**AIM OF THE TASK**
Hand back, word for word, the lines from the one containing "A contractor repairs" to the end of the records, both included, and leave out pictures.
BEGIN PROVIDED MATERIAL
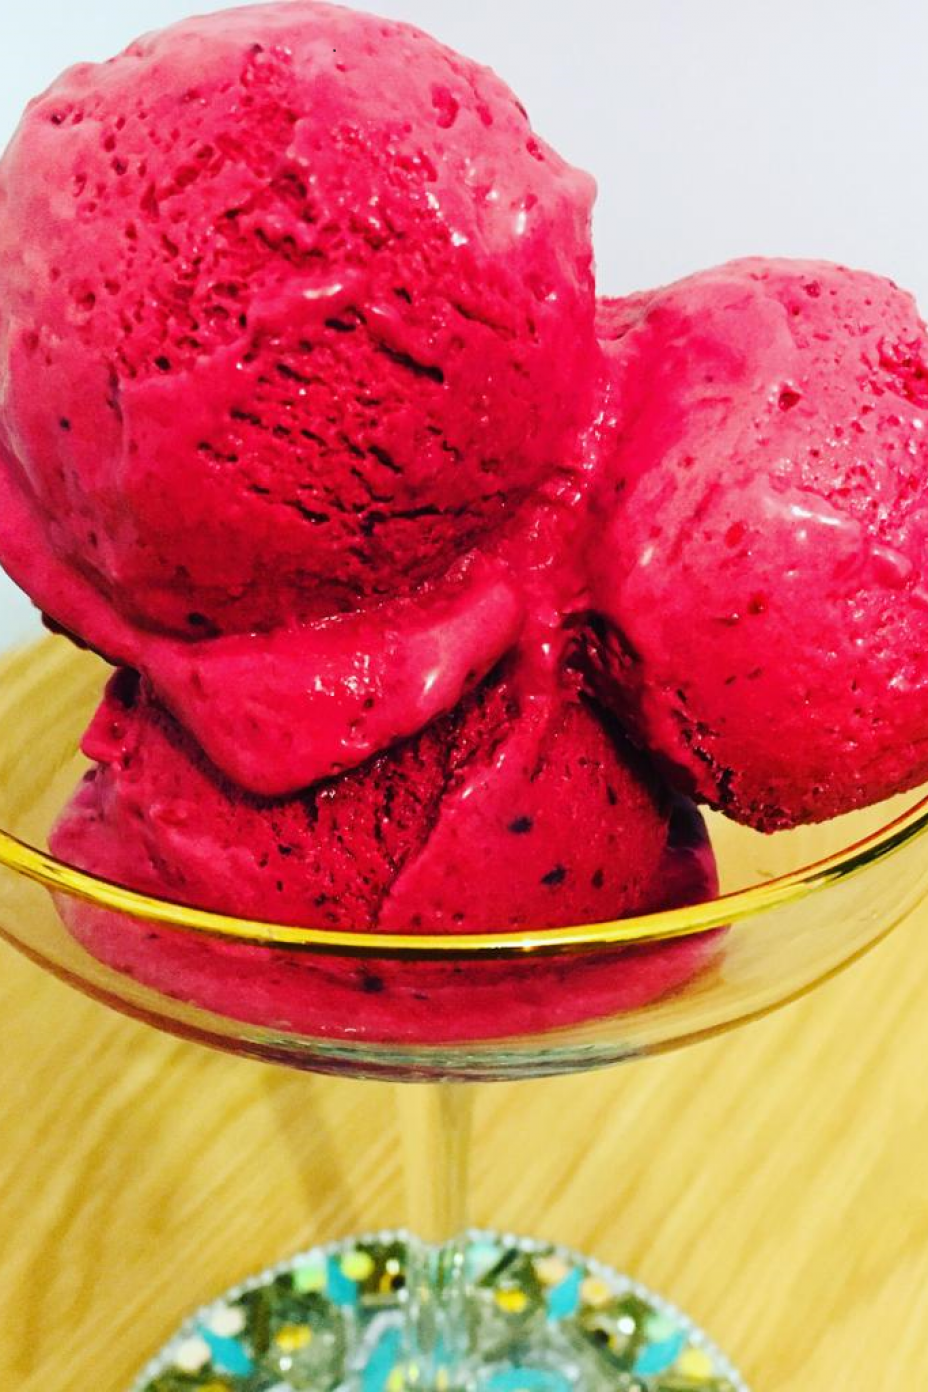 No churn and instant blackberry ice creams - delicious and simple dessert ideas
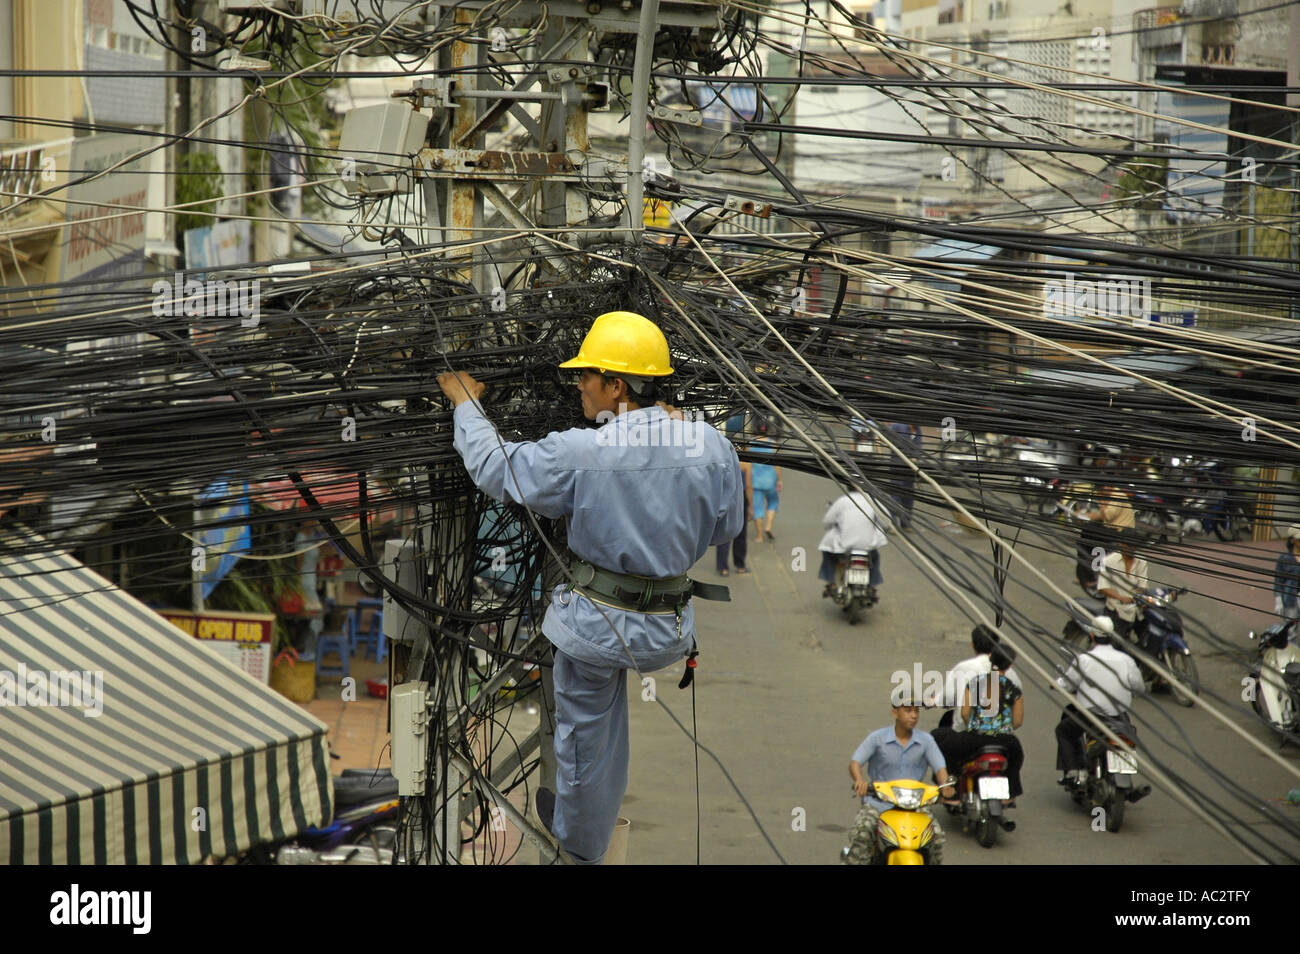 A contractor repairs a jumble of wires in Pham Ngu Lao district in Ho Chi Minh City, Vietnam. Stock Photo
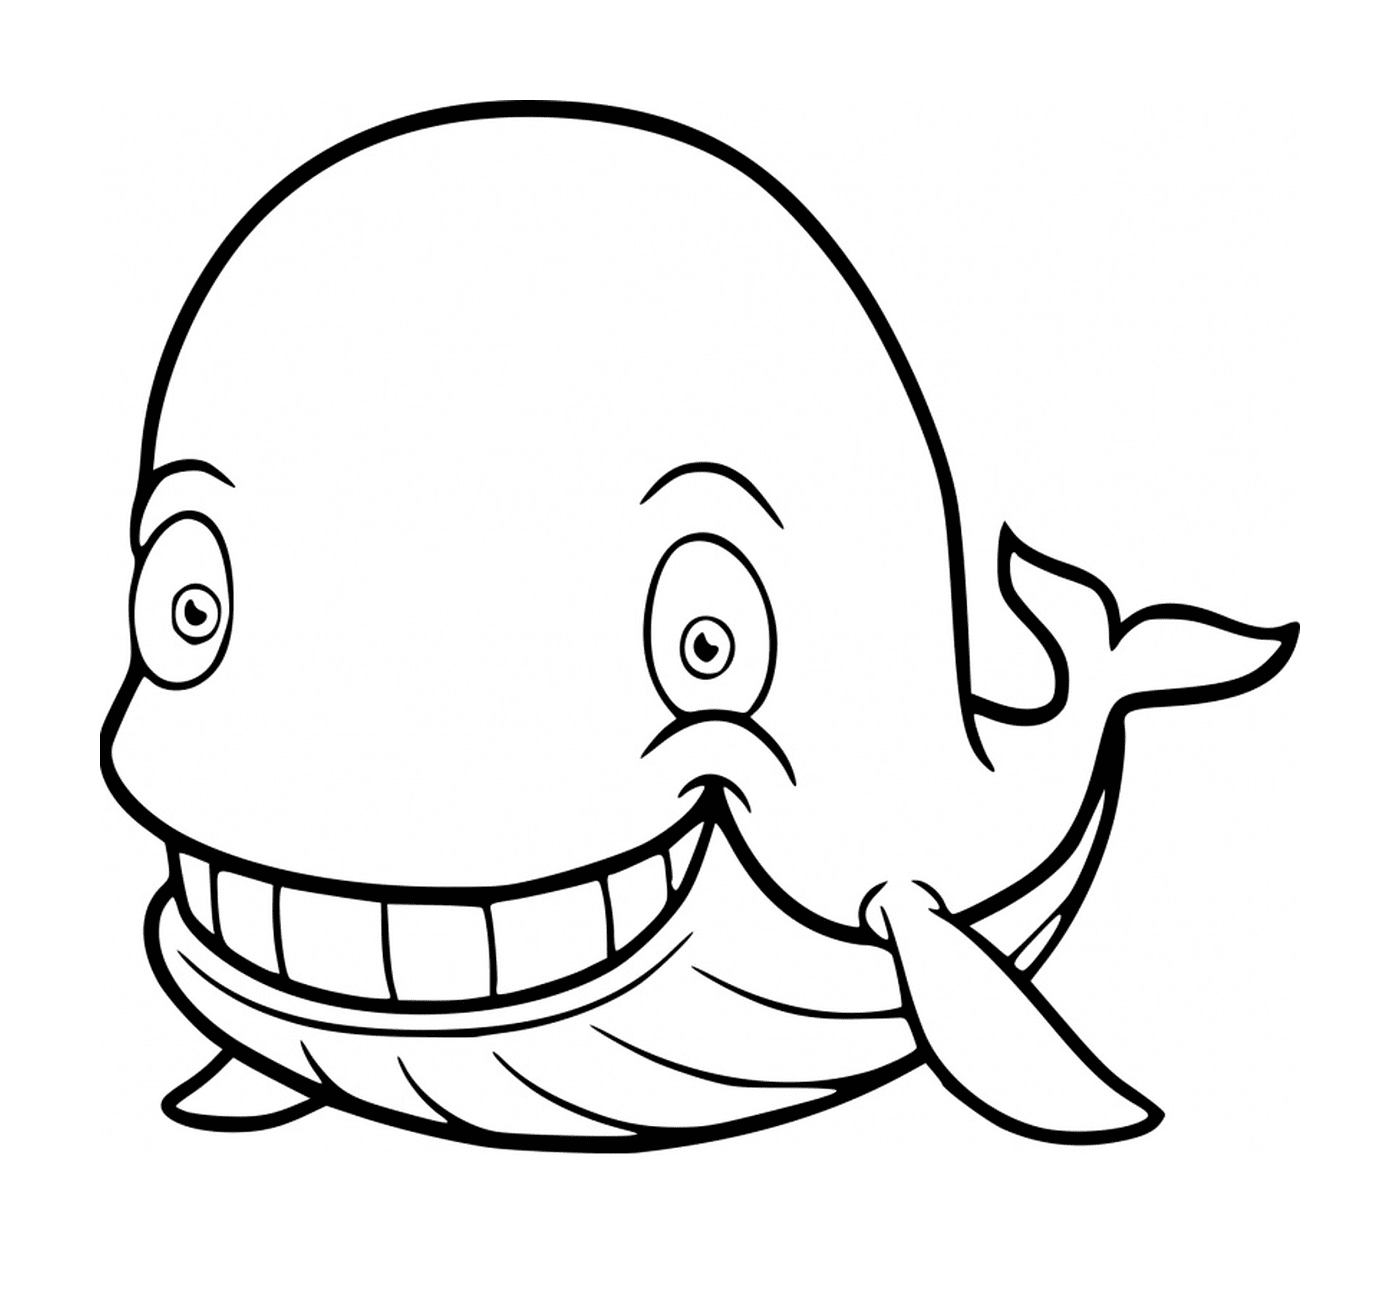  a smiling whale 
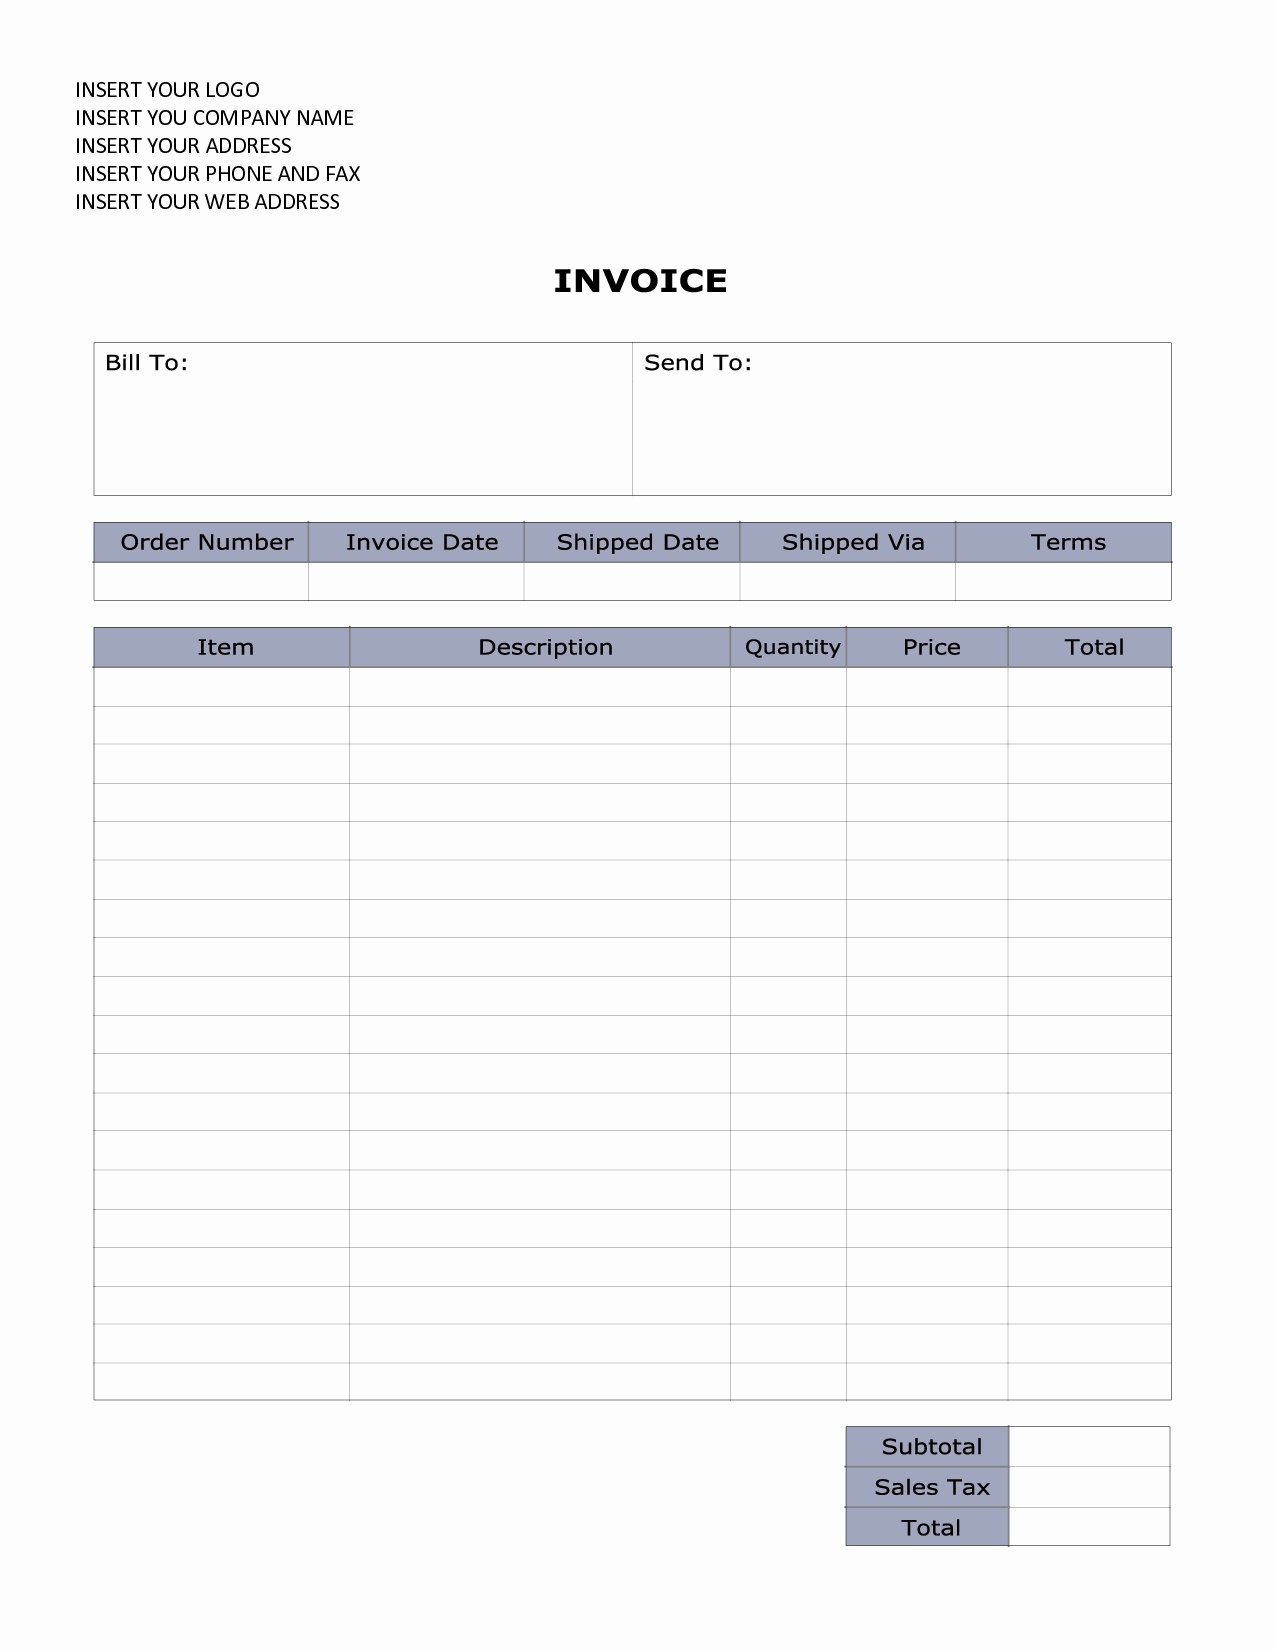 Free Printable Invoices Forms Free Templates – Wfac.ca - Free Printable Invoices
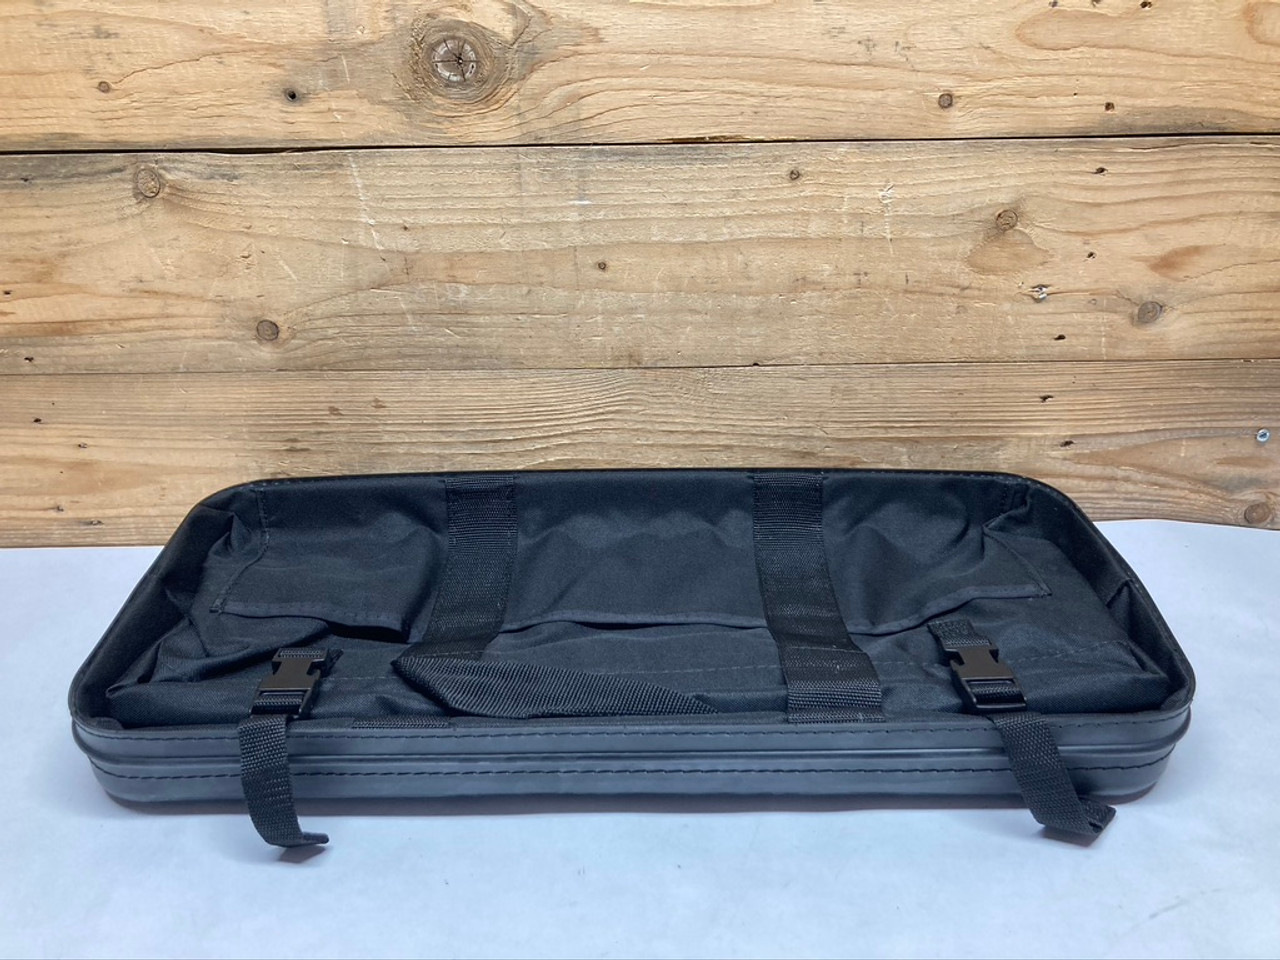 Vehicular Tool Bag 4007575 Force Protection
END PROVIDED MATERIAL
**EXPECTED OUTPUT**
 A contractor repairs a jumble of wires in Pham Ngu Lao district in Ho Chi Minh City, Vietnam. Stock Photo
  a smiling whale 
 Free Printable Invoices Forms Free Templates – Wfac.ca - Free Printable Invoices
 Vehicular Tool Bag 4007575 Force Protection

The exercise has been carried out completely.